Breaking Down The Barrier: A Changing Luxury Market Makes Room For Cannabis

Luxury retailing is undergoing a seismic shift, as seen in the decline of well-established brands and the rapid rise of new competitors, and this tumultuous landscape is a perfect match for retailers in the up-and-coming CBD and cannabis markets. Changing customer demands and the destigmatization of marijuana are creating opportunities to redefine what luxury means, and panelists discussed their strategies during the opening session of the 2019 Luxury Meets Cannabis Conference.

The word “luxury” itself has become a pet peeve for Scott Campbell, Co-Founder of Beboe, which operates The High End cannabis shop at Barneys New York’s Beverly Hills, Calif. flagship. The word has become diluted by becoming a marketing buzzword, and modern brands seeking to carry the torch need to differentiate themselves with more than a famous brand name and a hefty price tag.
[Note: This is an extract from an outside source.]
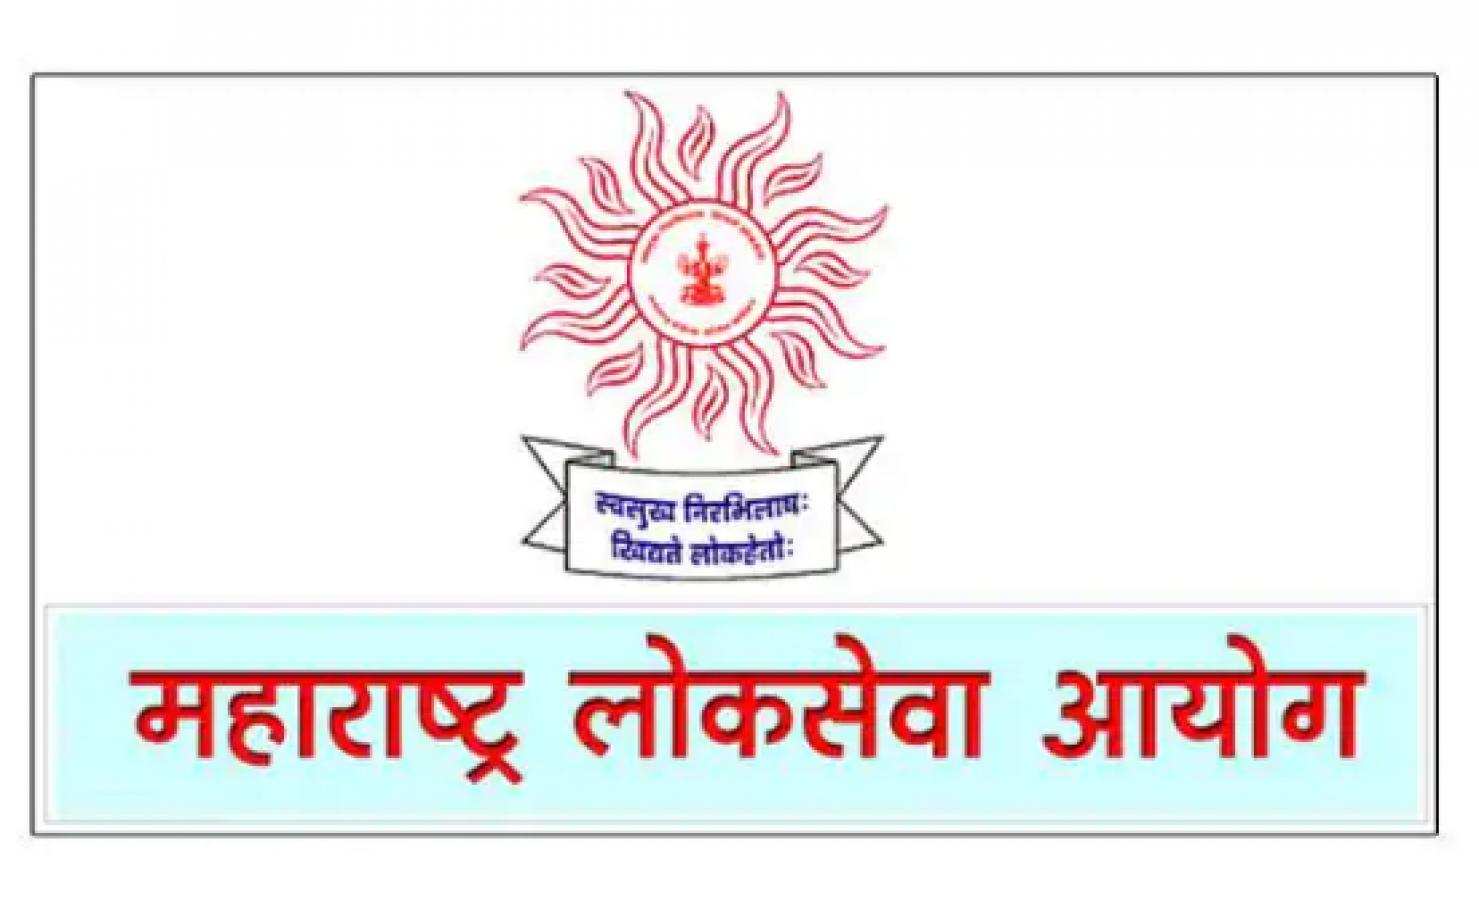 Maharashtra PSC में बम्पर भर्ती, अभी करें आवेदन

“People self-reference themselves as ‘luxury,’ but you’re not allowed to do that. Never trust anyone who says ‘Trust me,’” said Campbell. “Consumers are smarter, and unsubstantiated luxury doesn’t work anymore. You can’t just make it look pretty and sparkly and charge more and have that be a category. People spend politically, and people spend for a passion. So when I say ‘unsubstantiated,’ I mean not substantiated by social change or substantiated by a genuine quality product or story.”

‘Elevated But Affordable’ Beauty Brand Seeks To Break Down Barriers

Dorian Morris, Founder and CEO of skincare brand Undefined Beauty, is familiar with putting clean social impact at the core of the business. That commitment spans the entire operation: Morris only partners with female, minority or LGBTQ-owned businesses across her supply chain, including for labs, labels, design and warehouses. She also has launched Undefined Collective, a pop-up that features CBD and wellness products from local, female, minority and LGBTQ brands.


Just slapping a brown face on an ad is not going to do it,” said Morris. “I also think that companies should be ensuring that part of their business cycle and plan is thinking about diverse communities and hiring diverse employees so it’s not just one-sided. Especially in [the cannabis] category, which is built on the backs of black and brown folk, giving them representation and a seat at the table is really important.”

Undefined Beauty is also riding current trends with an “elevated but affordable” approach to its product portfolio. The brand seeks to offer high quality products without an associated hike in price — making the luxury beauty experience affordable to a much wider swathe of consumers.

“I think there’s an unnatural barrier that has been driven by retail, and I don’t think it needs to be that way,” said Morris. “The retail landscape is shifting. I hope there will be a day when you don’t need to create a brand for Neiman Marcus and a separate brand for Target.”

Compelling, Holistic Experiences Can Overcome The Need For Speed

The pressures causing some luxury retailers to falter are the same ones weighing on retail as a whole: faster delivery, nearly unlimited product choice and rising consumer expectations driven by online shopping. However, the rash of store closures does not mean e-Commerce alone is destined to dominate the luxury space.

“We know that people still really love to shop — they just want to shop somewhere special,” said Andrew Goetz, Co-Founder of MALIN+GOETZ. “I think if we looked at luxury in the past, people thought, ‘Oh, it’s expensive, it’s hand-crafted, it’s exclusive, I can’t get it so easily.’ With the advent of e-Commerce you can get anything at any time, and now the new luxury is speed and immediacy. How do we compete against that? We do it by opening up really unique stores.”

MALIN+GOETZ designed each of its 15 locations with a different architect, ensuring that each store’s experience is different despite being united by the overall brand. Each store is designed to invoke the feel of a modern apothecary, but modernized and stocked with a portfolio of natural, clean products.

The store also can be used to enhance the experience for shoppers who are interested but unfamiliar with CBD and cannabis products. Standard Dose bases its experience on the combination of education and experience: the CBD marketplace’s “educators” help guide shoppers to the right product to handle their problem, while in-store mediation sessions and yoga classes offer an experiential approach to improving long-term health.

“A lot of our consumers are coming in for pain, stress, anxiety or sleep products; those are kind of the four key pillars,” said Anthony Saniger, Founder and CEO of Standard Dose. “On the education side we want to guide them to the right product, but on the experience side we want to start to solve some of these problems. It’s not just about taking some CBD or smoking a joint and feeling better for the rest of your life. You’ve got to heal the actual problem at the root.”

The most successful cannabis and CBD companies share the same traits as other popular luxury retailers: they embrace social responsibility, offer a compelling experience and offer a quality product at a competitive price. While the upstarts in this space may be selling unique products, their best strategies are applicable to retailers across the industry.